##### Data extract #####

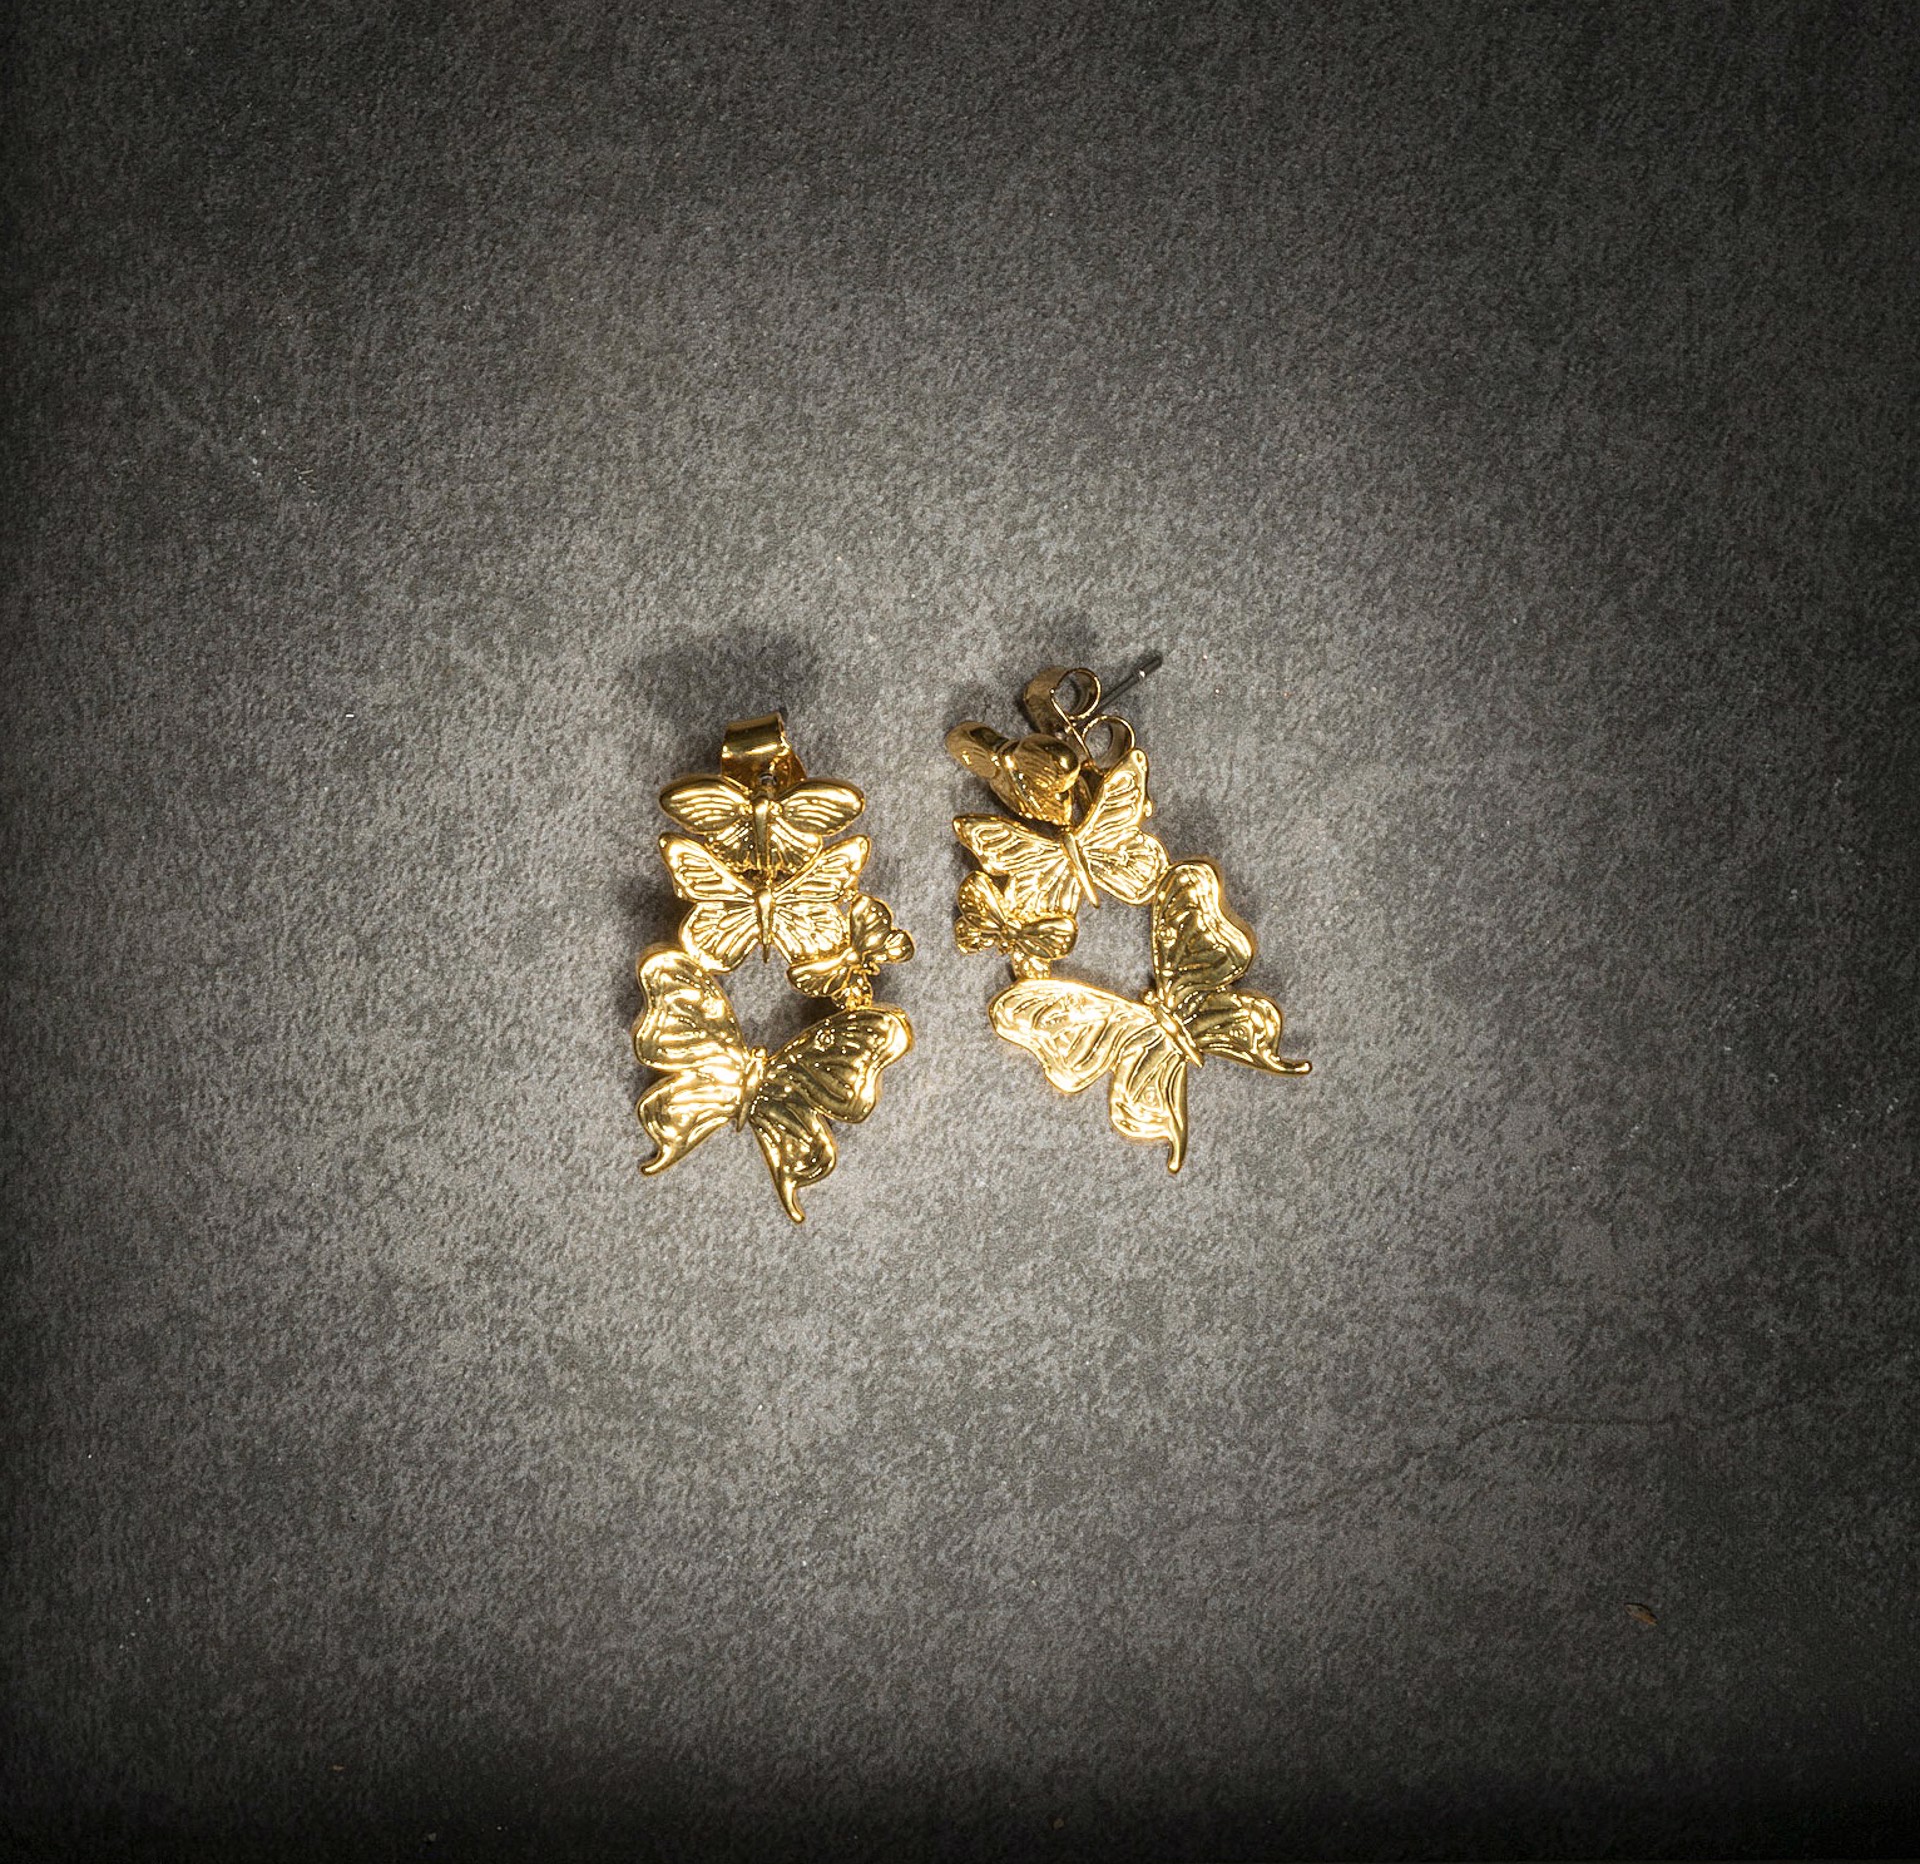 Butterfly Breeze Earrings - Gold Plate by Angela Mia
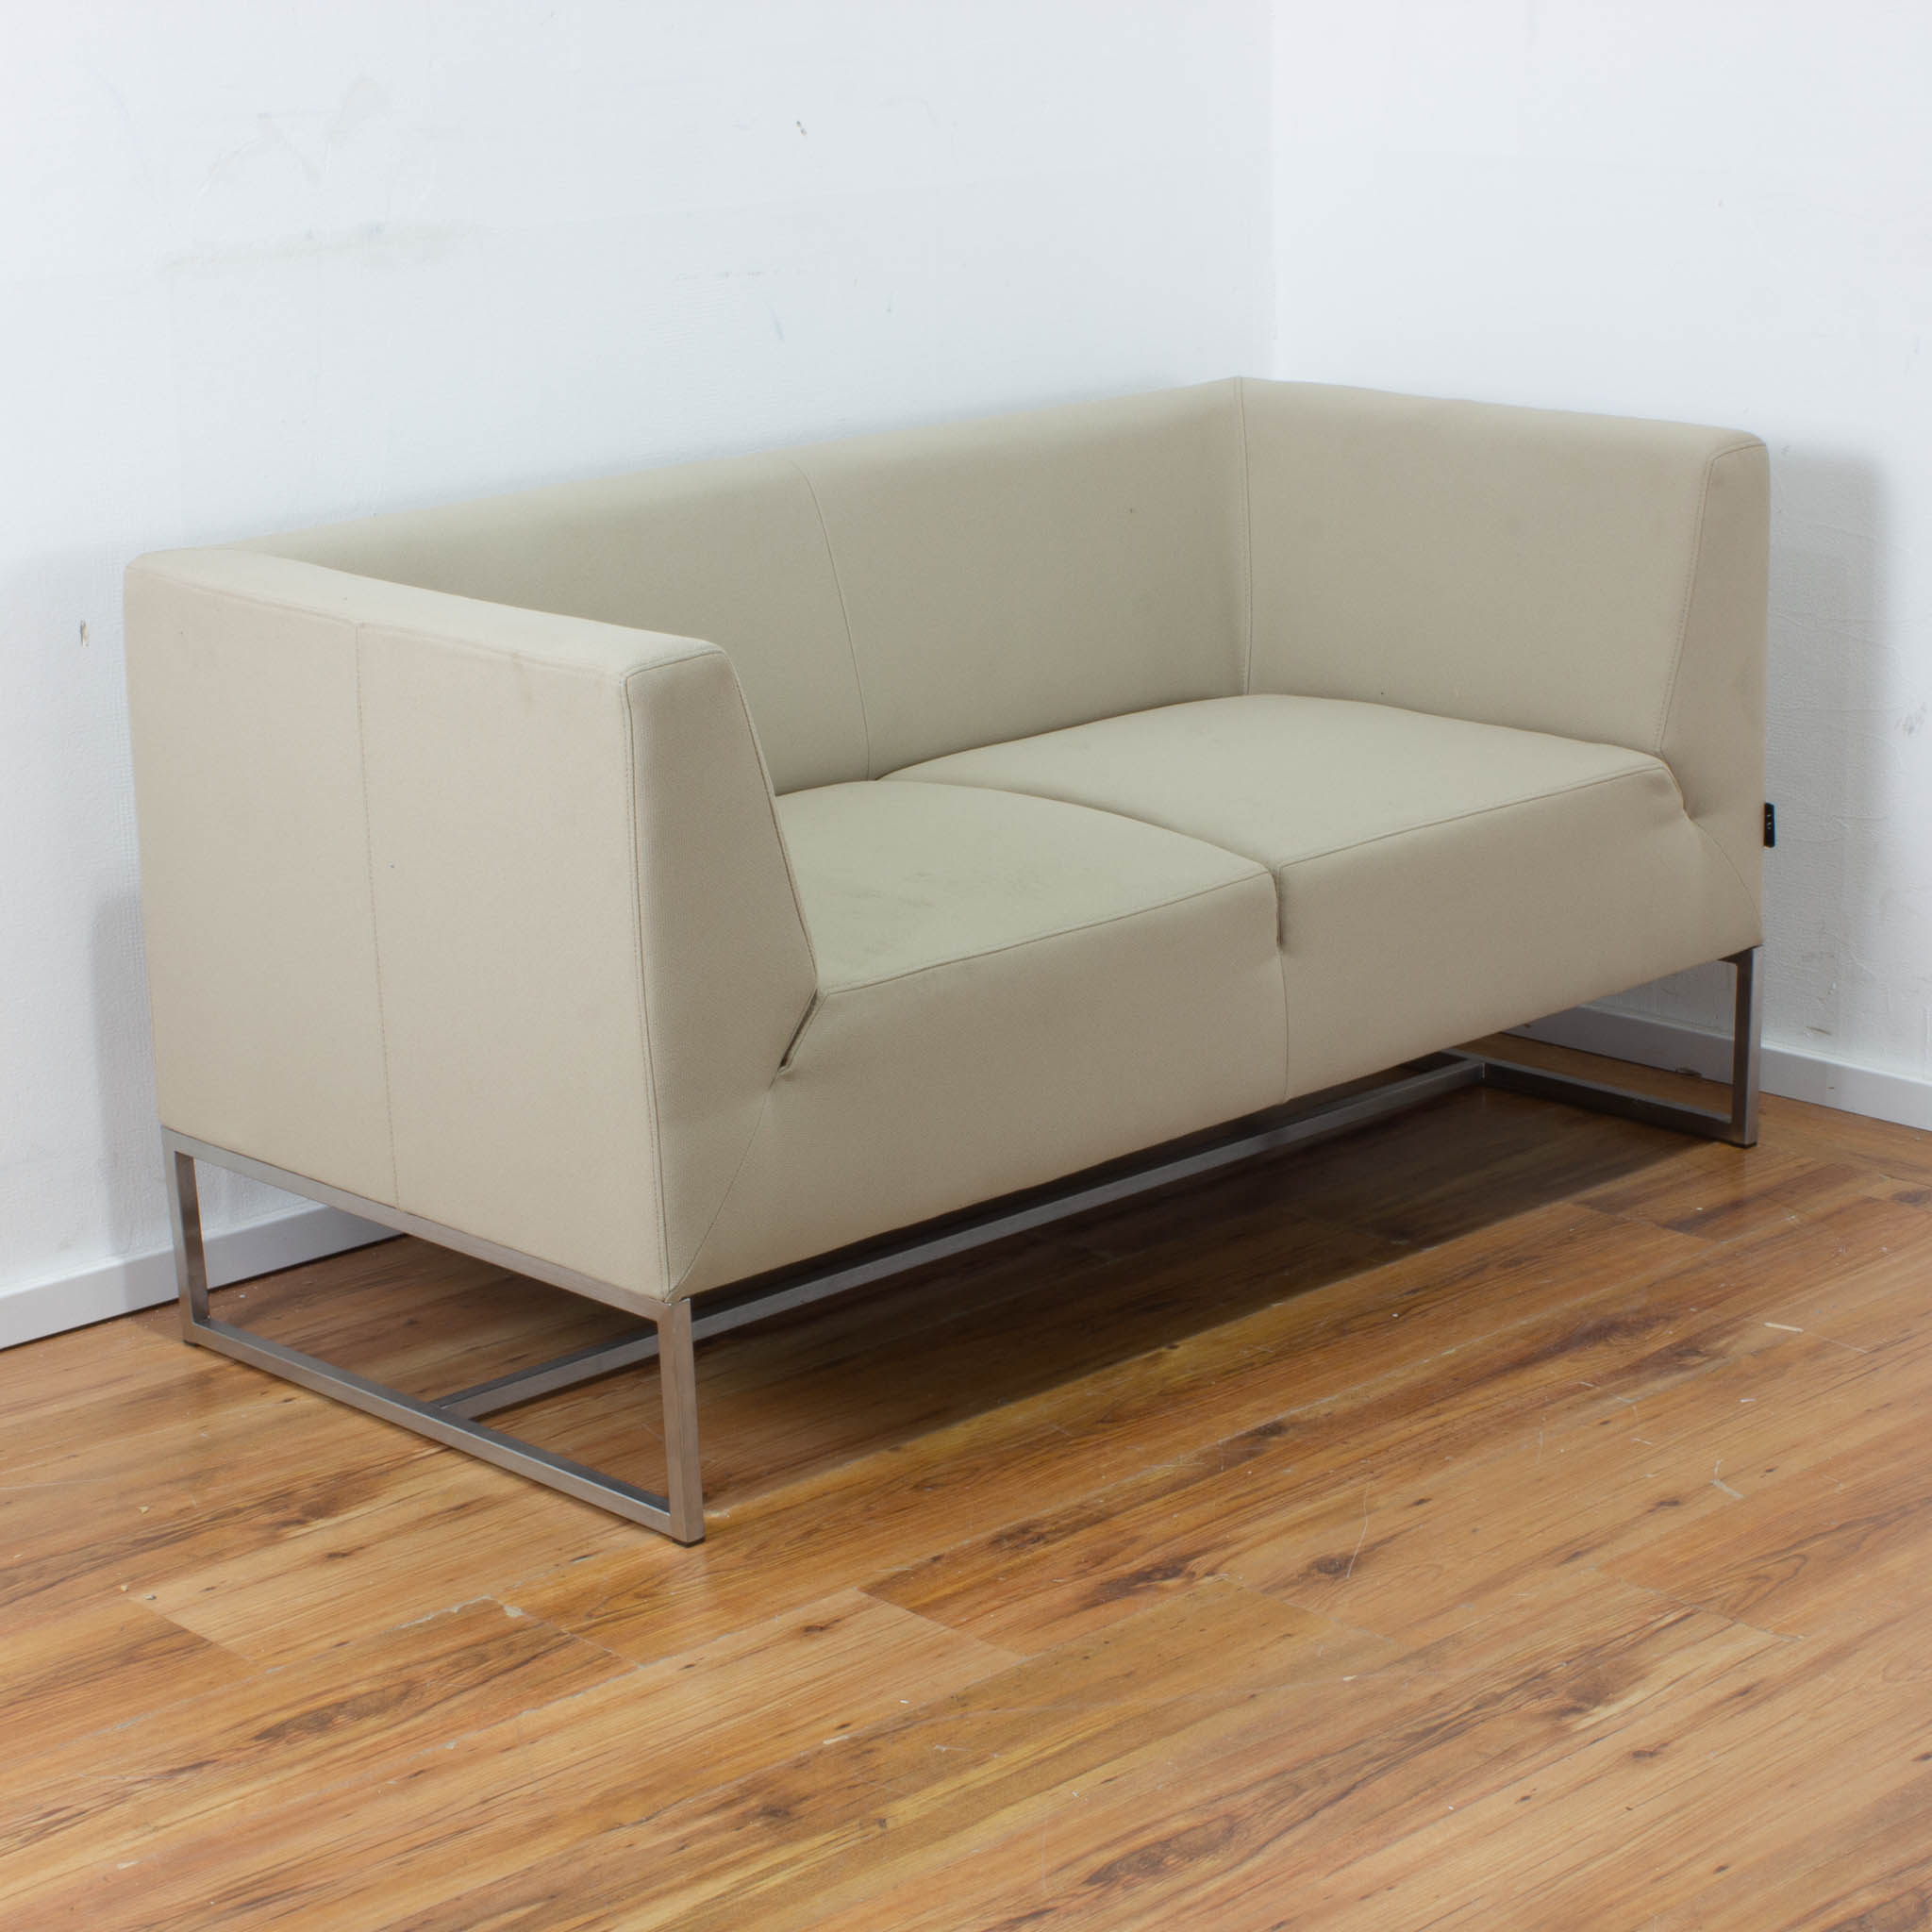 SMV 2-Sitzer Sofa - Stoff-Bezug beige mit Edelstahlgestell
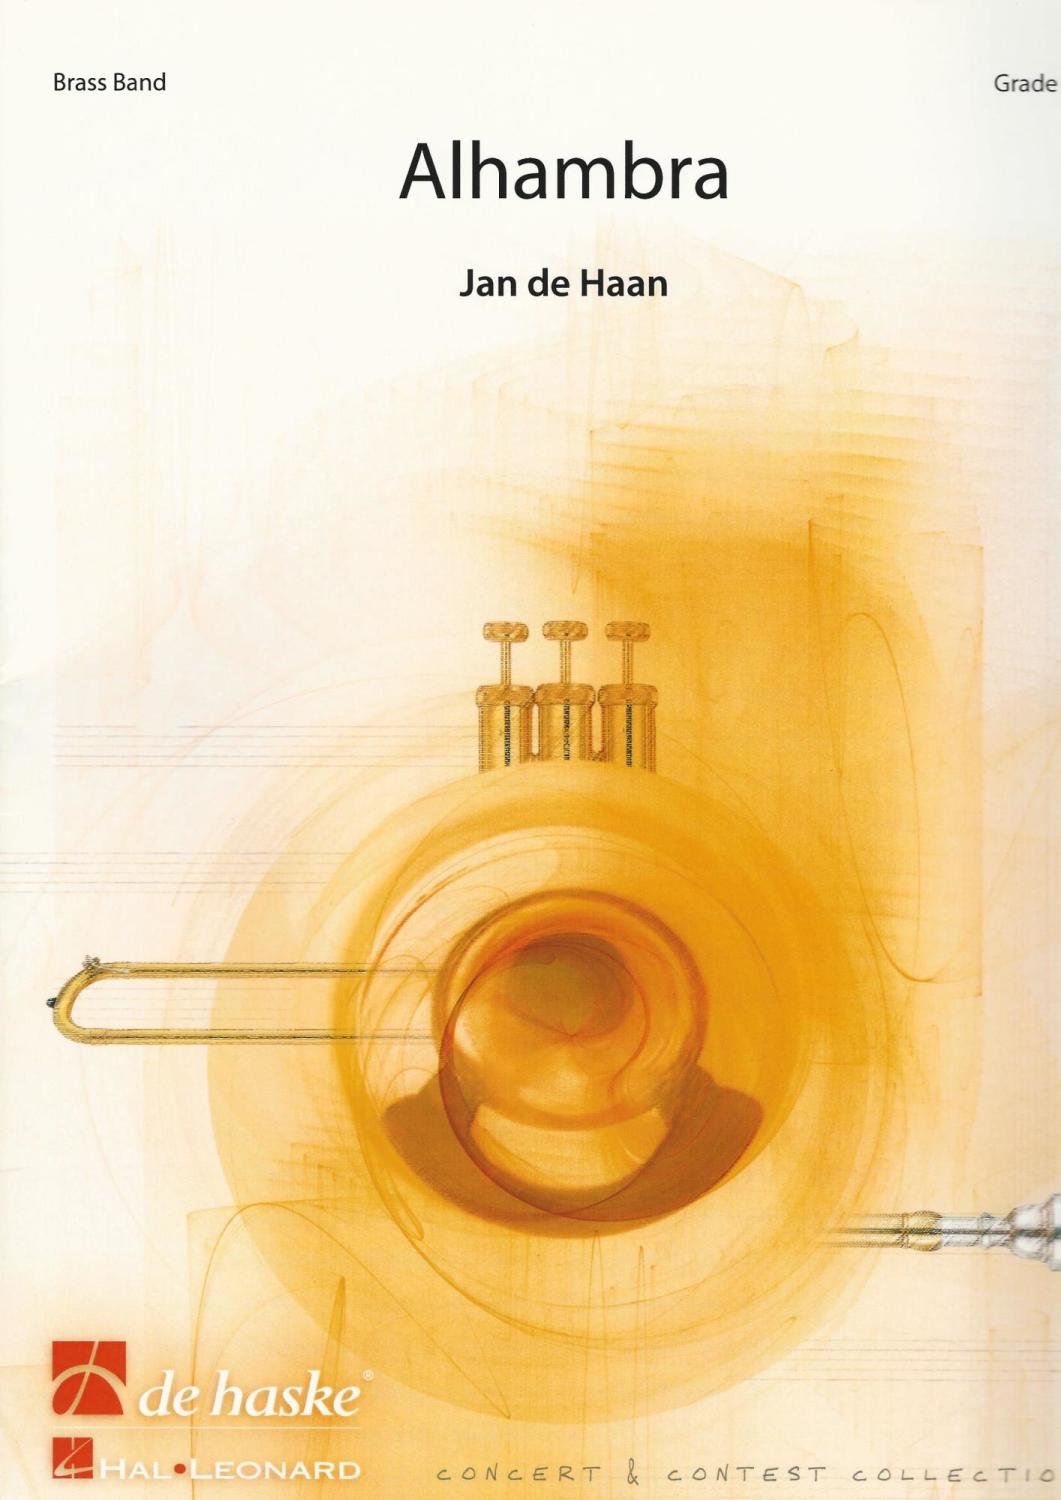 Alhambra for Brass Band - Jan de Haan

#####

> [Instructions to follow]:
Print the data above exactly; drop every picture.

> [Answer to the problem]:
 Butterfly Breeze Earrings - Gold Plate by Angela Mia
 SMV 2-Sitzer Sofa - Stoff-Bezug beige mit Edelstahlgestell
 Alhambra for Brass Band - Jan de Haan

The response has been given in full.